No Exit Bagi Pengantin Jihadis
30 Mei 2015Kebanyakan perempuan muda Eropa yang tertarik bergabung dengan IS tidak menyadari, apa dampak dari keputusan mereka itu. Situasi dan kondisi di kawasan konflik, bukanlah seperti pelabuhan damai yang mereka bayangkan. Melainkan kawasan bergolak yang penuh api dan peluru serta kawasan tanpa infrastruktur memadai. Demikian laporan yang dipublisir institut untuk dialog strategis dan pusat kajian radikalisme internasional di King's College London.
Kaum perempuan yang bergabung dengan Islamic State ibaratnya mengantungi tiket sekali jalan tanpa tiket pulang. Kebanyakan "hilang" di tengah hiruk pikuk perang dan konflik di Suriah dan Irak. Segelintir "pengantin jihadis" yang berhasil meloloskan diri dari sekapan Islamic State dan berhasil pulang ke negaranya, akan ditangkap dengan tuduhan ikut serta dalam sebuah kelompok teroris.
Hasil riset terbaru juga menyebutkan, istilah "pengantin jihadis" yang umum dipakai buat kaum perempuan yang bergabung dengan Islamic State di Suriah adalah penyederhanaan kasus, yang menjadi kendala bagi sukses memerangi radikalisasi di kalangan perempuan usia muda. Hal itu juga menyulitkan upaya mencegah perekrutan langsung perempuan muda lewat jejaring internet dan media sosial.
Diperkirakan antara 550 hingga 600 perempuan muda dari 15 negara Eropa telah bergabung dengan IS. Ironisnya banyak diantara perempuan yang bergabung dengan Islamic State memiliki latar belakang pendidikan cukup dan dari keluarga menengah.
Rentan tertipu propaganda
Riset King"S College London itu juga menyebutkan, terutama perempuan muda dan terdidik yang merasa terisolir dari lingkungannya, amat mudah tertipu retorika Islamic State mengenai ilusi ideal kehidupan seorang Muslimah. Banyak yang masih dalam fase labil mencari identitas diri saat memasuki masa dewasa.
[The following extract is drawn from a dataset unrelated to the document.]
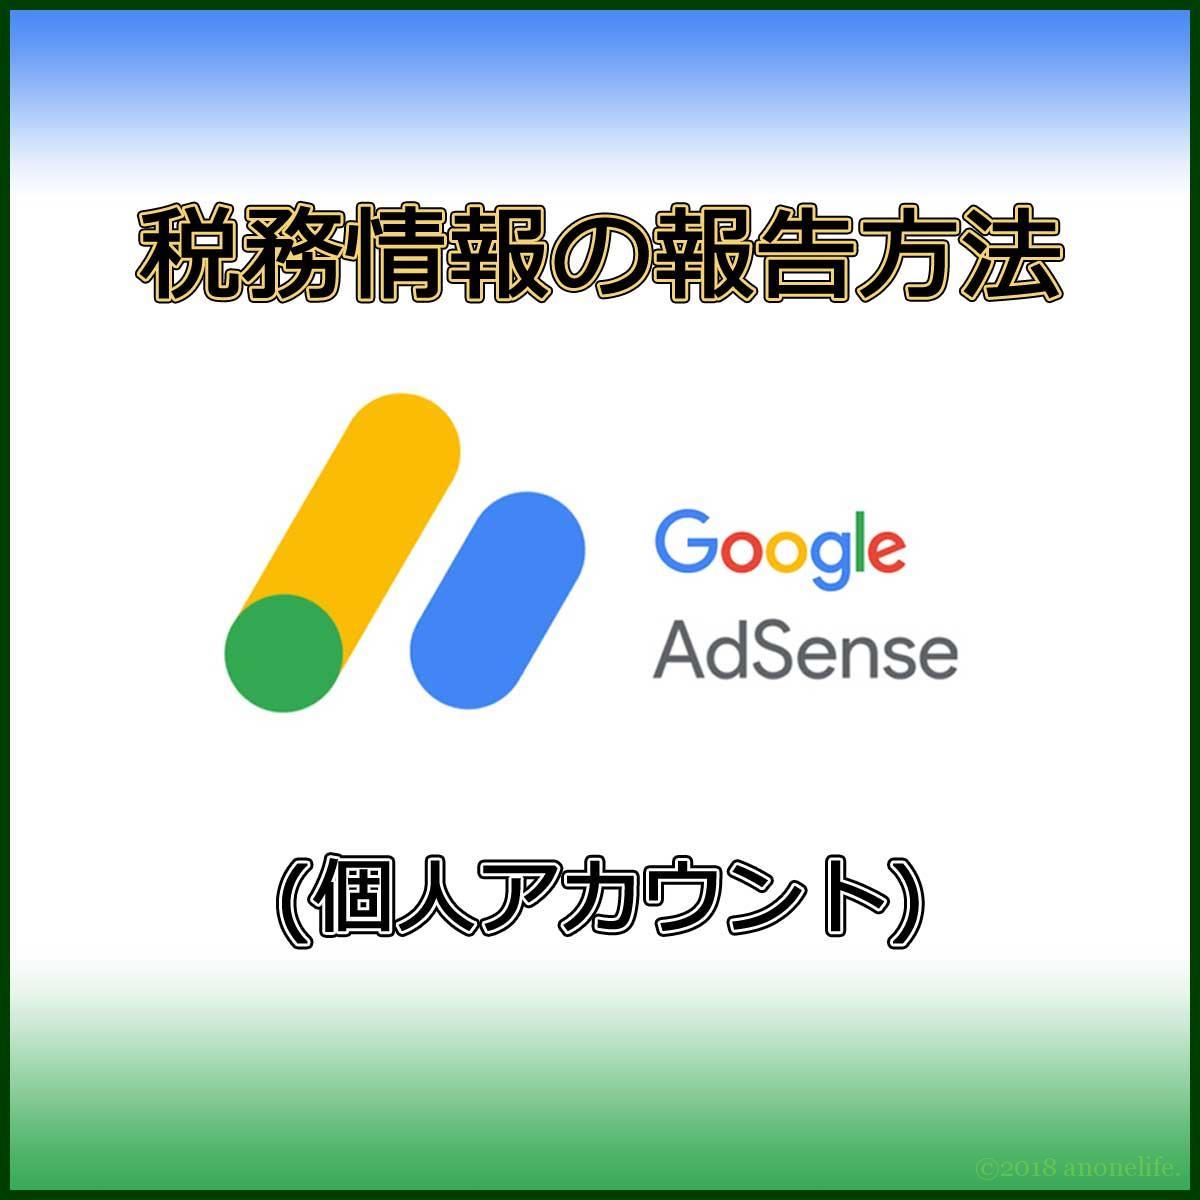 Google Adsence 米国の税務情報

Mereka mencari arti klehidupan atau mencari sesama Muslimah yang senasib merasa terkucil dalam kehidupan sekuler dunia barat. Tapi banyak yang mengimpikan mendapat pasangan hidup ideal dari kalangan "jihadis" di negara "jihad" di Suriah dan Irak. Mereka juga berilusi mendapat hak-hak perempuan dan juga pemberdayaan perang kaum perempuan di negara itu.
Realitanya, kehidupan di kawasan konflik Suriah sangatlah sulit. Lewat posting di media sosial, memang kelihatannya para "pengantin jihadis" itu hidup dengan ceria. Tapi jika dicermati, di dalam blog atau postingan mereka akan jelas terbaca kehidupan radikal sehari-hari, yang ditingkahi tidak adanya listrik, kurangnya bahan pangan dan obat-obatan dan tidak adanya kebebasan.
Milisi ISIS juga sangat membatasi peranan dan gerakan perempuan. Memang betul, para "pengantin jihadis" itu nyaris semuanya segera menemukan pasangan hidupnya. Tapi bukan pasangan idaman dan juga tidak langgeng, karena perceraian juga gampang sekali dilakukan. Banyak yang mengaku, bahkan dipaksa kawin dengan beberapa orang lelaki dan jadi budak seks bagi anggota milisi.